Ed ha deciso che a discapito di tutte le altisonanti sirene che la NBA è pronta ad offrigli, lui, giusto o sbagliato che sia, ha per “primo” deciso di varcare l'oceano e di provare una nuova esperienza. Lunga o breve che sia.

Iniza cosi il controesodo.
Se devo essere onesto è da qualche anno che mi frulla per la mente l'idea di un mondo cestistico alla rovescia.

Vedo un futuro in cui il mondo FIBA ed il mondo NBA si contenderanno la stella di turno a suon di milioni. Non un futuro prossimo è chiaro. Probabile passeranno anni, molti, ma comuqnue vada è nato un dualismo evidente e probabilmente, me lo auspico, destinato a far parlare di se.

Era il 1967 dicevamo poco fa. Sono passati 30 anni dall'ultima volta in cui la NBA si trovò a guerreggiare con una rivale pronta a dar battaglia.

Era giovane quella, i mezzi erano minori ma ci si provò.
Mancava però il fascino, la storia, il “carisma” della NBA perchè la cosa superasse l'abbaglio della novità . E senza tifosi si sa non sopravvive alcuna lega al mondo.

La nuova ABA però si chiama FIBA.
Ha una storia lunga, molto lunga alle spalle, un passato sudato, conquistato, vissuto e valorizzato da un lavoro importante.

Che piaccia o meno questa lega non ha problemi di tifosi, perchè non sono i medesimi che mangiano hot dog alle partite e che vanno spartiti con la NBA; nella vecchia Europa al termine dell'incontro ci sono i Pub, le pizzerie, le enoteche, i ristoranti ed alle partite ci si va comunque anche senza il giocatore di turno, perchè qui ormai a differenza della ABA il “Carisma” non manca.

Sopravvivrà  e non avrà  bisogno di bruciarsi in nove anni per tentare l'assalto alla vetta.

No, potrà  prendersi tutto il tempo che vorrà  perchè ha tutto il tempo che vuole. Se l'è conquistato in questi anni. Ed ha tutti i tifosi che vuole.
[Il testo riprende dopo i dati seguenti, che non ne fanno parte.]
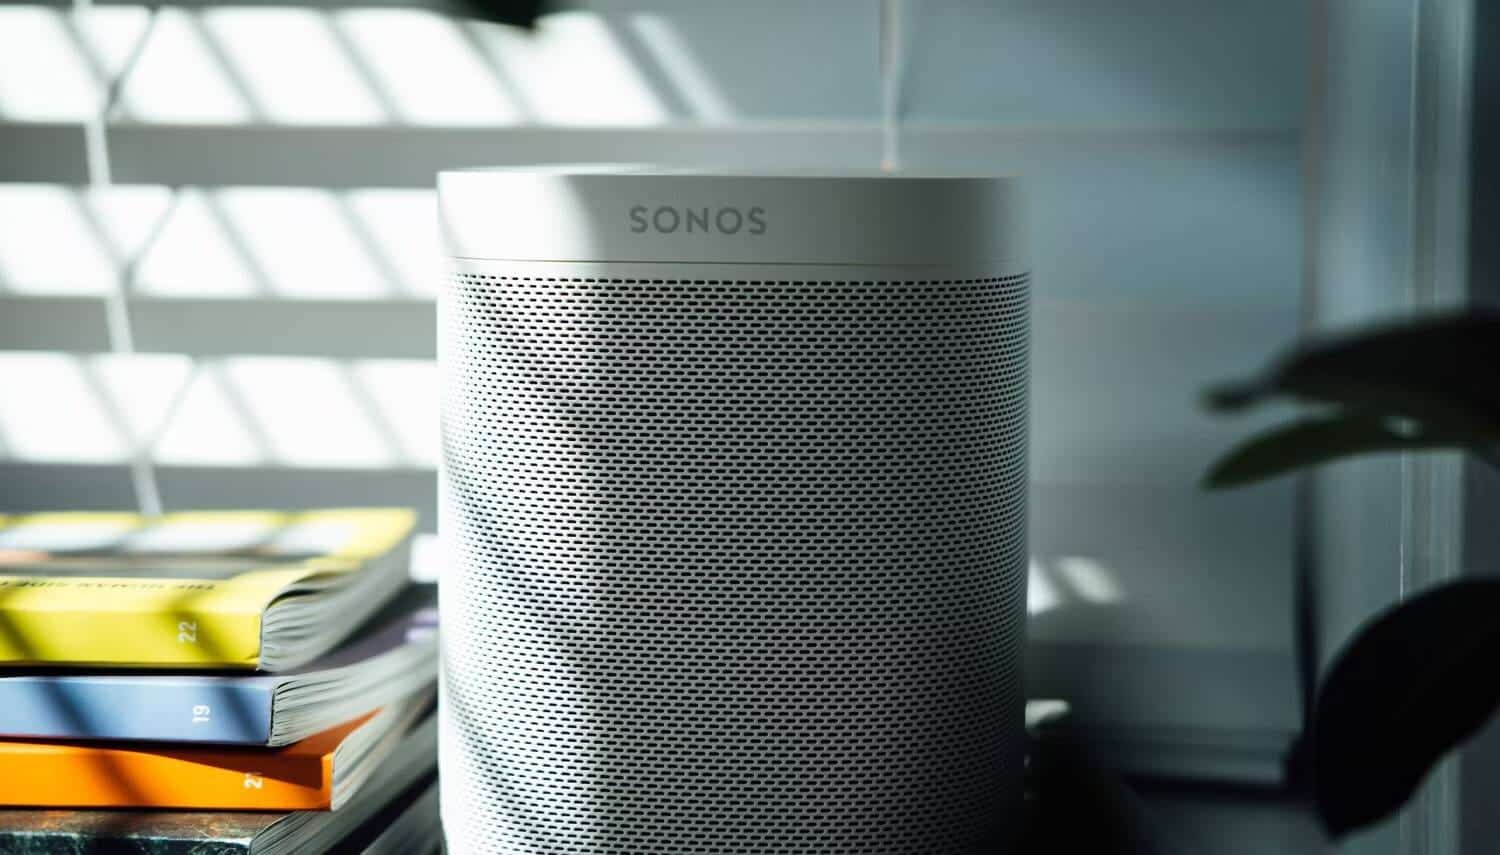 تحليل شامل لمُنتجات Sonos: اكتشف عالم المكبرات الذكية وأنظمة الصوت المُتقدمة - المنزل الذكي

Se li è guadagnati in questi anni aumentando un appeal cresciuto con il tempo e giunto forse a maturazione.

L'hanno capito gli europei stessi che non saltano più l'oceano cosi volentieri.
E l'hanno capito anche gli americani, uno almeno, “il primo” a percorrere questa strada a ritroso e chissà  che fra qualche anno non venga ricordato come un precursore.

Tra qualche anno sì. La FIBA ha tutto il tempo che vuole.

NDR: Childress in effetti è il primo giocatore NBA ancora giovane, e di un certo spicco, che negli ultimi anni abbia percorso l'oceano in direzione Est per sbarcare a giocare in Europa.
Ma non è il primo in assoluto: proprio l'Italia ha una certa tradizione di “ladra” di talenti NBA, da Joe Barry Carroll alla fantastica accoppiata del Messaggero Roma 1989, Shaw e Ferry.
Brian Shaw era il futuro in posizine di playmaker per i Boston Celtics e Danny Ferry addirittura la seconda scelta assoluta del draft NBA, e giocarono una brillante stagione in Italia prima di tornare negli States.
Non soprende che periodicamente in Europa si trovi un presidente che “rompe il porcellino” per fare una follia e provare a convincere un forte giocatore NBA ad abbandonare la madre patria; la sostanziale differenza questa volta deriva dal fatto che Childress ha fatto una scelta prettamente economica, senza essere in polemica con la propria società  come lo erano Shaw e Ferry quando lasciarano gli States…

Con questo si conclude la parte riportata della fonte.